Extended thinking in Claude: when and how to use deep reasoning

Extended thinking is the mode where Claude “thinks out loud” before giving a response. Instead of jumping straight to an answer, Claude works through the problem internally and you can see that process. For complex tasks, the quality difference is significant.

How it works internally

When you enable extended thinking, Claude generates a thinking block before the text block of the response. This block contains the internal reasoning: hypotheses, checks, self-corrections. It’s not decorative — it’s the real process that improves the final response.

Thinking consumes output tokens but Anthropic bills it differently: thinking tokens cost the same as regular output tokens but don’t count toward context limits the same way.

Enabling extended thinking in the API

import anthropic

client = anthropic.Anthropic()

response = client.messages.create(
    model="claude-sonnet-4-6",
    max_tokens=16000,
    thinking={
        "type": "enabled",
        "budget_tokens": 10000
    },
    messages=[{
        "role": "user",
        "content": "Design a microservices architecture for an e-commerce platform with 50k concurrent users."
    }]
)

for block in response.content:
    if block.type == "thinking":
        print("REASONING:", block.thinking)
    elif block.type == "text":
        print("RESPONSE:", block.text)

The budget_tokens parameter controls how many tokens the thinking can use. More budget = more reasoning = better response (at higher cost and latency).

When to use extended thinking

Worth enabling for:

Complex software architecture problems
Code analysis with multiple dependencies
Mathematical or logical reasoning
Decisions with many trade-offs
Tasks where the first attempt is usually wrong

Not needed for:

Creative text generation
Translations
Structured data extraction
Questions with direct answers

Recommended budget tokens by use case

Task	Suggested budget
Simple code analysis	2,000
Architecture design	8,000
Hard math problems	10,000
Complex systems analysis	15,000+

The model stops when it reaches a satisfactory answer, not when it exhausts the budget. If you see thinking cutting off before concluding, increase the budget.

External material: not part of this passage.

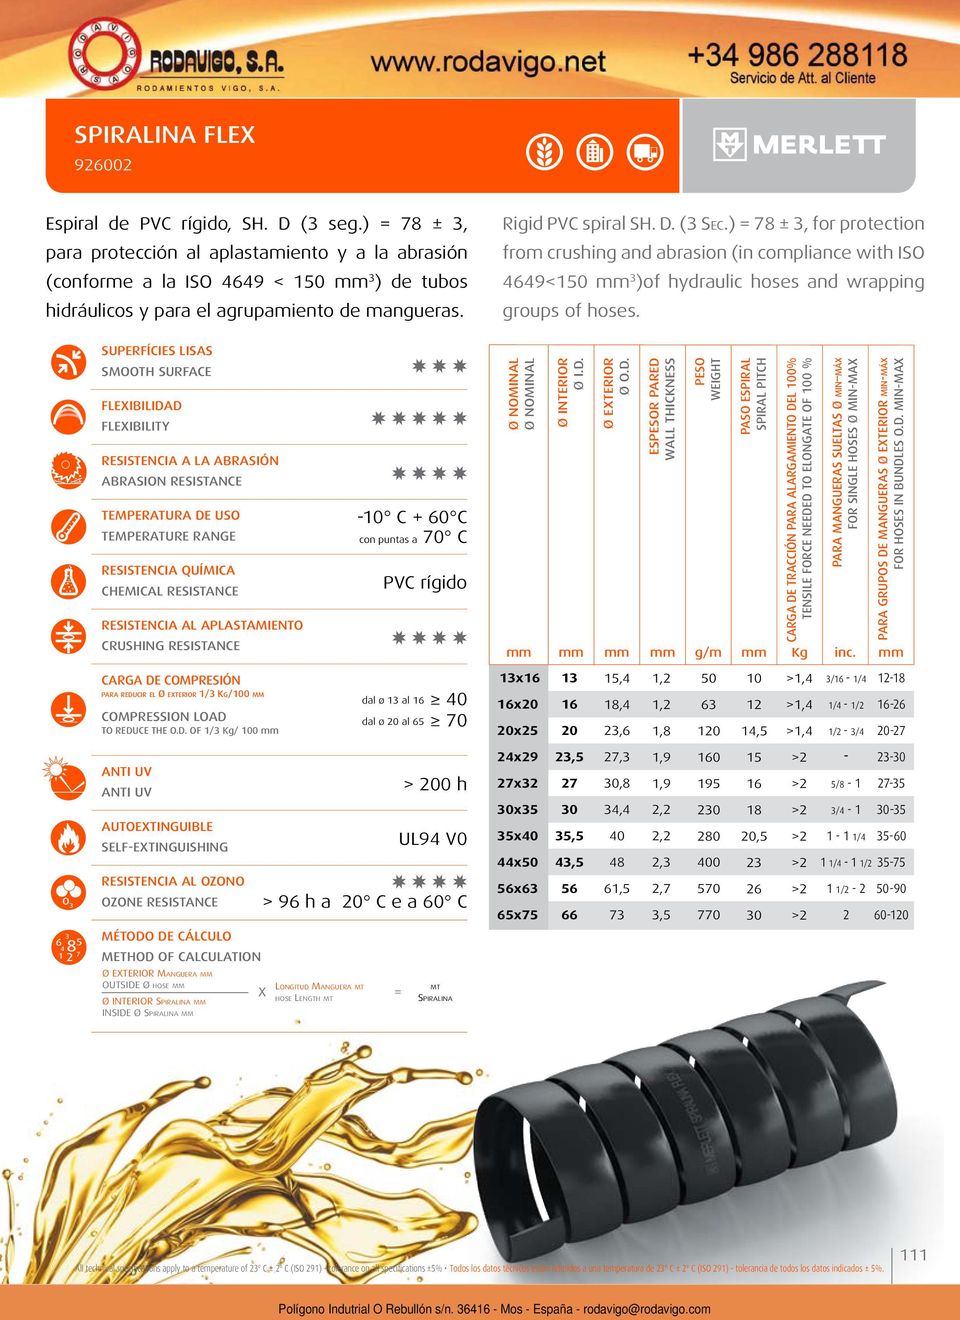 ) 78 ±, for protection from crushing and abrasion (in compliance with ISO 449<0 mm )of hydraulic hoses and wrapping -10 C + 0 C con puntas a 70 C PVC rígido ESR PARED PARA GRUPOS DE MANGUERAS min-máx

Streaming with extended thinking

For production, use streaming to avoid blocking while Claude thinks:

with client.messages.stream(
    model="claude-sonnet-4-6",
    max_tokens=16000,
    thinking={"type": "enabled", "budget_tokens": 8000},
    messages=[{"role": "user", "content": "..."}]
) as stream:
    for event in stream:
        if hasattr(event, 'type') and event.type == 'content_block_delta':
            # Process thinking or text based on block_index
            pass

Extended thinking is one of Claude’s most underused capabilities. For problems where the first response isn’t enough, it’s the change that has the most impact on quality.